Readers Choose Top 10 Posts during March 2014
YorksPast started with a post on July 26, 2012, with about 30 views per day during the initial months. My 400th post milestone was reached last week. This chart shows the growth of YorksPast readership in recent months; thanks to my ever-growing legion of loyal readers!
At the beginning of every month, I’ve decided to share with my readers the top 10 posts from the previous month. These are your favorites during March 2014:
In early March, I shared this top 10 list; i.e. the posts with the most page views from my loyal readers, during February 2014.
Reading the Headlines is an always-up-to-date, quick index to all YorksPast Posts that was suggested by a reader.
An introduction to a talk that I’ll be giving on Rail Events in the 1800’s for the Glen Rock Historic Preservation Society on April 22nd, 2014.
In the early morning darkness of Saturday September 16th, 1876, three monster trains, containing 120 railroad cars, pulled into York, Pennsylvania. Such was the beginning of an eventful day, as P. T. Barnum brought his three-ring circus to town.
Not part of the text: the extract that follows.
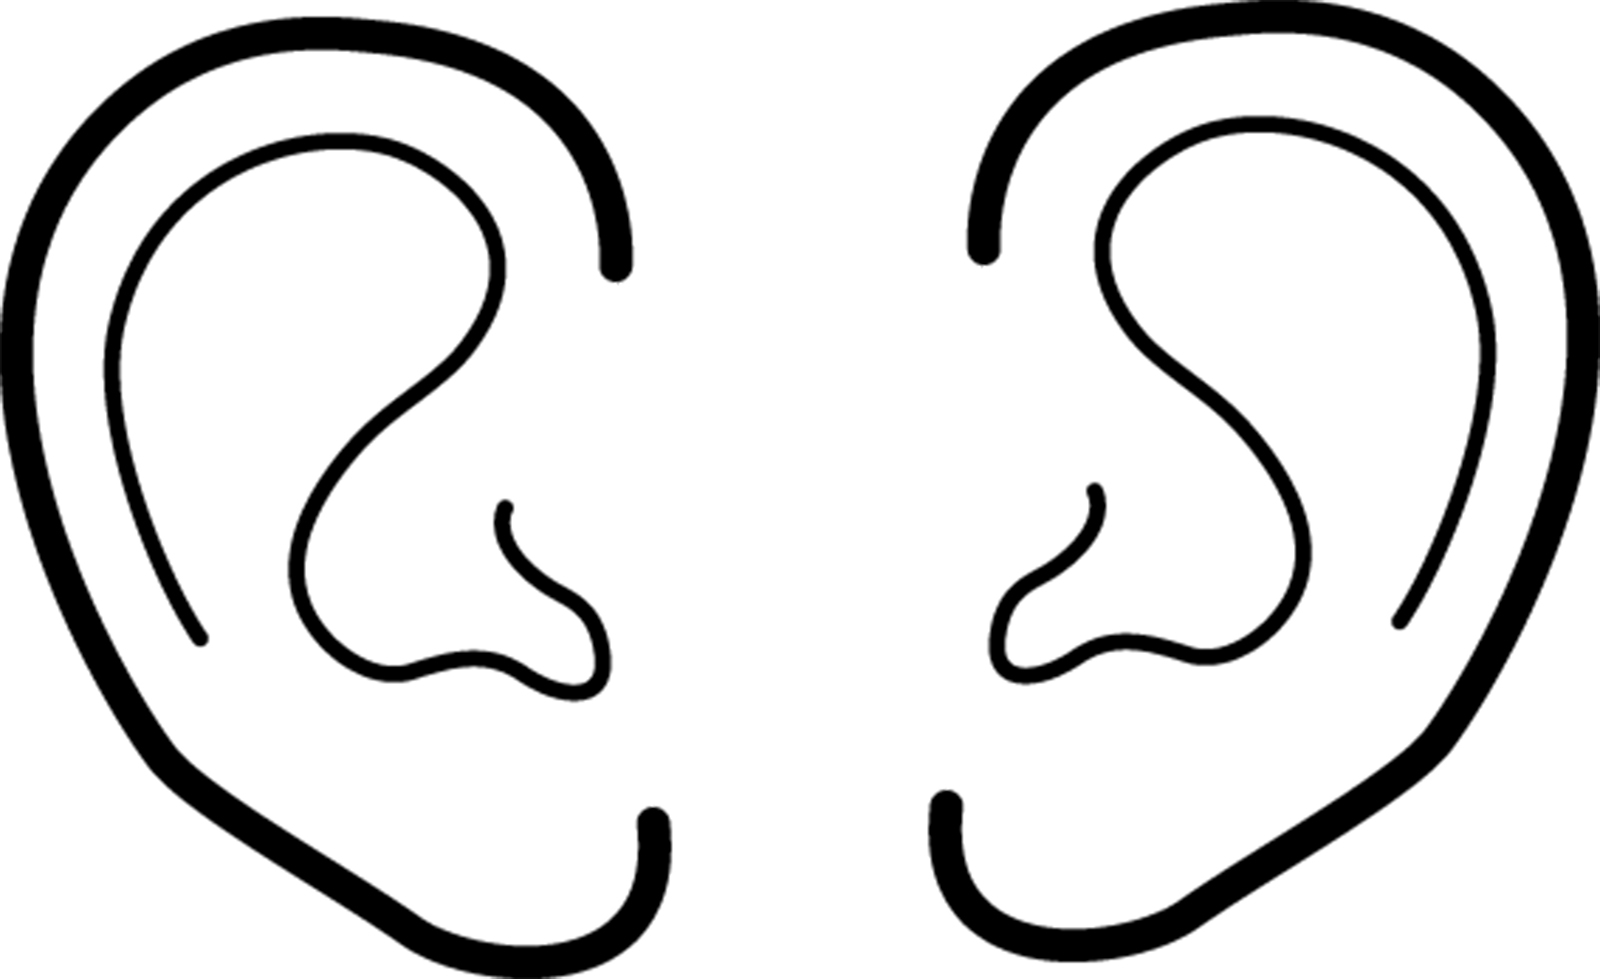 Ear clipart earclipart images listening -Ear clipart earclipart images listening clip art photo-4

Research on Historic Indian Paths of Pennsylvania by Dr. Paul A. W. Wallace shows that the initial location of the Monocacy Path, prior to 1700, began in Conejohela (which is now Native Lands County Park, in the Long Level area) and extended west as a path that became the present East Prospect Road and Mount Rose Avenue; crossing the Codorus Creek where the City of York would be laid out in 1741.
During my involvement with the archeological dig in 2009, I learned about Henry Ford’s interest in purchasing the Schultz House and moving it to Greenfield Village in Michigan. This post contains the source of the previously undated newspaper clipping. I also share a copy of the whole article.
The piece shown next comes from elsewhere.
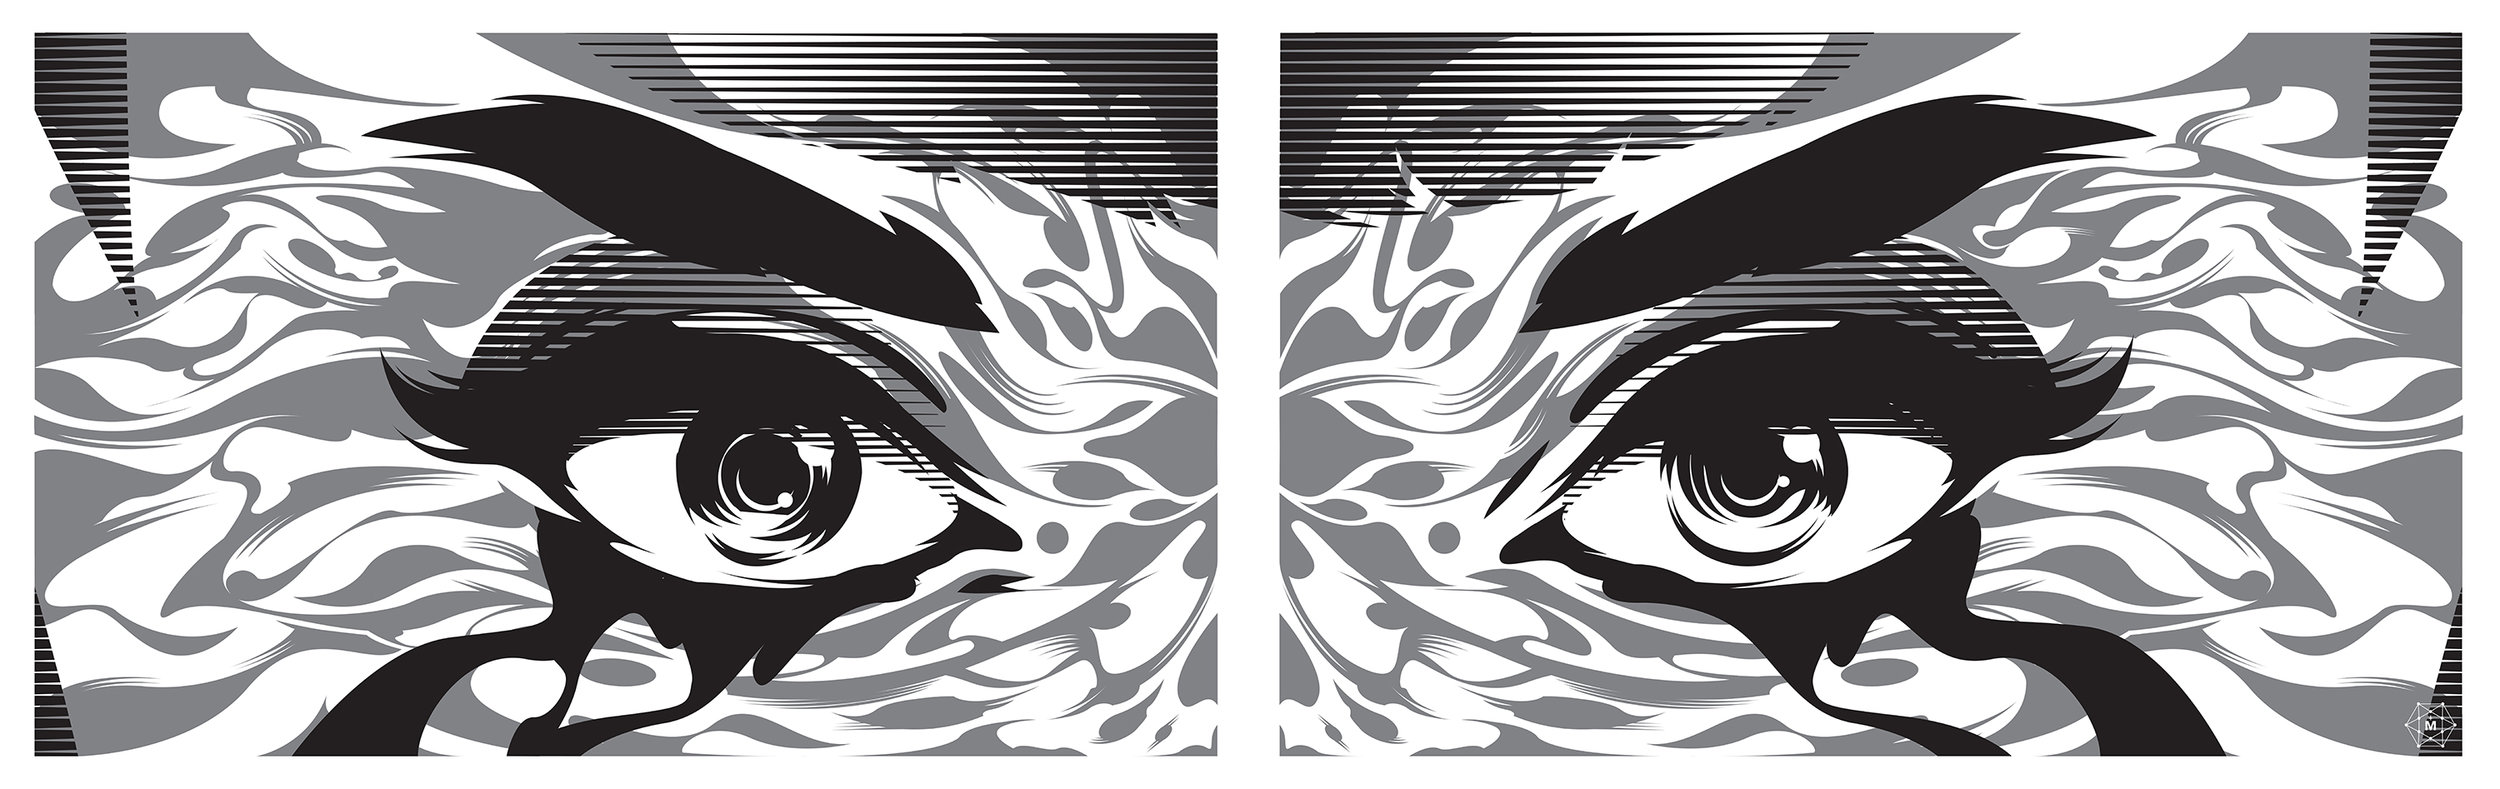 Hypnotic-01 SS.jpg

Witness Trees provide a living link to the past and gave witness to the surrounding events during their lifetime. Examples spread from York County to Witness Tree recognition programs throughout the United States.
A suggestion about Henry Ford acquiring the Schultz House, near Camp Security, was offered when I visited Henry Ford’s Greenfield Village. Some long overdue research tied into comments about my post on Camp Security the previous week; hence the title of this post.
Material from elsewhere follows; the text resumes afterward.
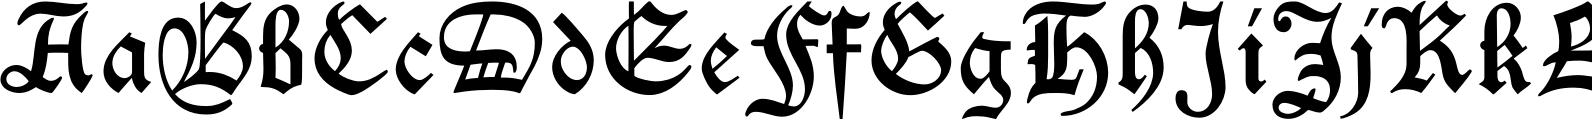 Caxtonian Black

This second part of Letters in the Attic provides answers inserted between paragraphs of the letter Cassandra Small wrote to Lissie Latimer on June 30th, 1863.
Twenty-five years ago Historic York evaluated the property at 2901 Whiteford Road in Springettsbury Township. The findings were recorded prior to conversion of the farmhouse into a bank. The building was classified as a brick Pennsylvania German farmhouse built circa 1755.